I am not totally discounting all elements of the narrative pressed forward above, but, genes serve as flexible instructions to shape and mold a human's phenotype, the lineages are all their own, and the concordance of the gene lineages with "individual" lineages, let alone populations, is I think an often tenditiously assumed axiom in many of these research papers. The authors above make the identity of genes:individuals, groups of genes:groups of people. Working back over 2,000 generations with such assumptions is I think a somewhat sketchy proposition unless your variables are controlled for (eg; at least the Andamans are islands, which are noted for fostering relatively genetically isolated people. For example, Sardinia is situated in the rather populous Mediterranean, but it often is an outlier in Principal Component Analysis diagrams of European genetics). Or, if your facts are so crystal clear, the narrative so compelling, the predictions so spot on, than the model is simply self-evidently true. But at this point I think that Recent-Out-of-Africa has depleted all the parsimony capital it had saved up, at least from where I stand.
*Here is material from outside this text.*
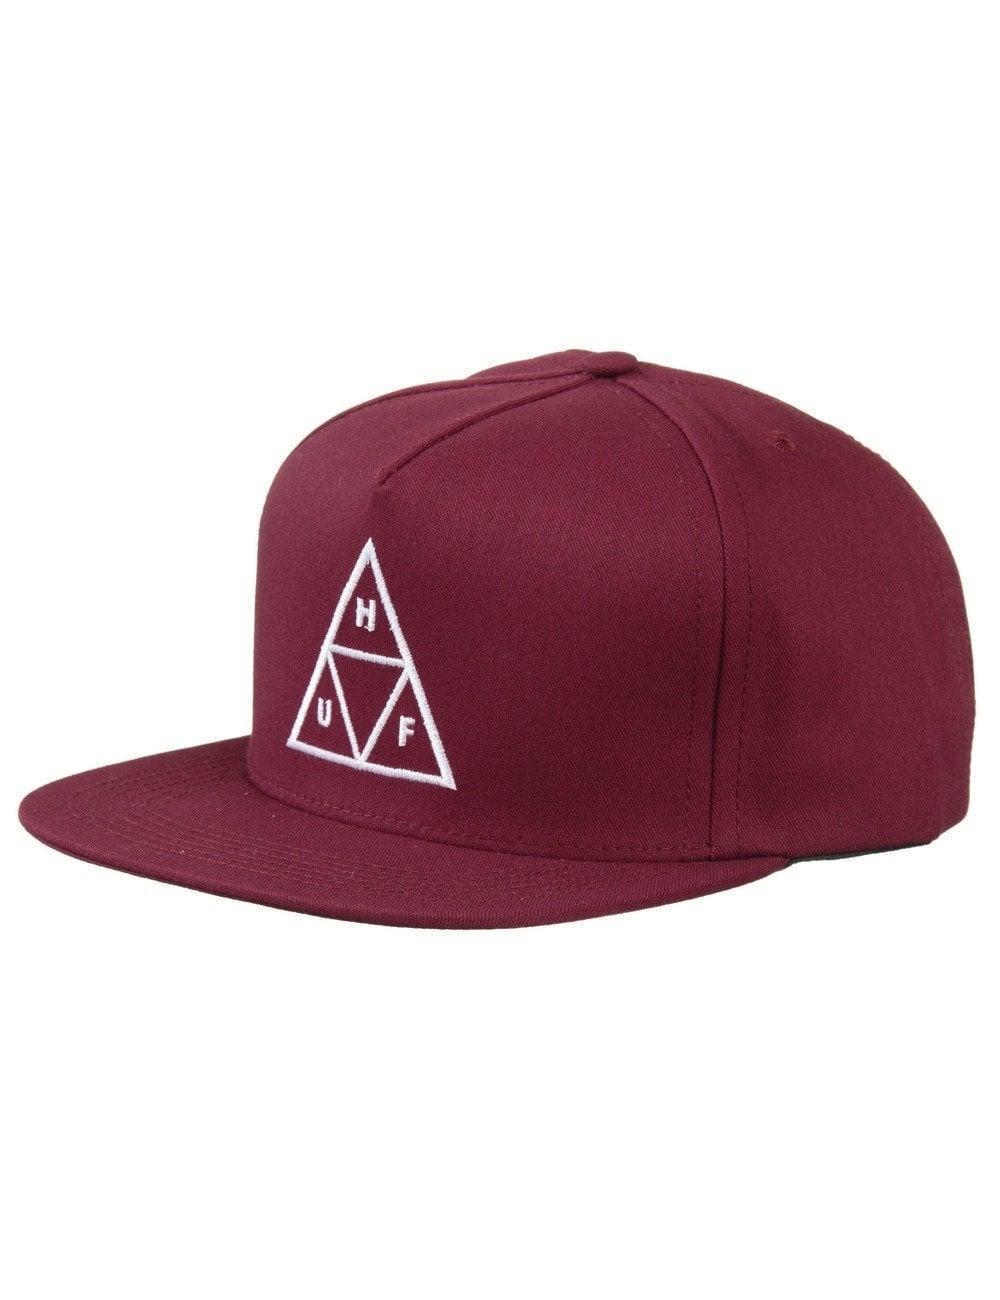 56d2e5cca8c Huf Triple Triangle Snapback Hat - Wine - Accessories from Fat ...

Selection on mtDNA is not a moribund backwater of research; it is being pursued by groups studying some of the highest-profile diseases. We don't know yet how selection may have affected the full pattern of human variability, but we know enough to know that the answer isn't zero. So why have human geneticists studying global mtDNA variability completely ignored the issue? And what will it take for them to hear the message over the buzz of their own voices?

References:

Forster P and Matsumura S. 2005. Did early humans go north or south? Science 308:965-966. Science Online

Macaulay V, et al. 2005. Single, rapid coastal settlement of Asia revealed by analysis of complete mitochondrial genomes. Science 308:1034-1036. Science Online

Niemi A-K and Majamaa K. 2005. Mitochondrial DNA and ACTN3 genotypes in Finnish elite endurance and sprint athletes. Eur J Hum Genet advance online publication. Nature Online

Templeton AR. 2002. Out of Africa again and again. Nature 416:45-51.

Thangaraj K, et al. 2005. Reconstructing the origin of Andaman Islanders. Science 308:996. Science Online

Wall JD and Przeworski M. 2000. When did the human population size start increasing? Genetics 155:1865-1874.

Wise CA, Sraml M, and Easteal S. 1998. Departure from neutrality at the mitochondrial NADH dehydrogenase subunit 2 gene in humans, but not in chimpanzees. Genetics 148:409-421.

Zhu X, Smith MA, Perry G, and Aliev G. 2004. Mitochondrial failures in Alzheimers disease. Am J Alzheimer's Dis Other Dement 19:345-352.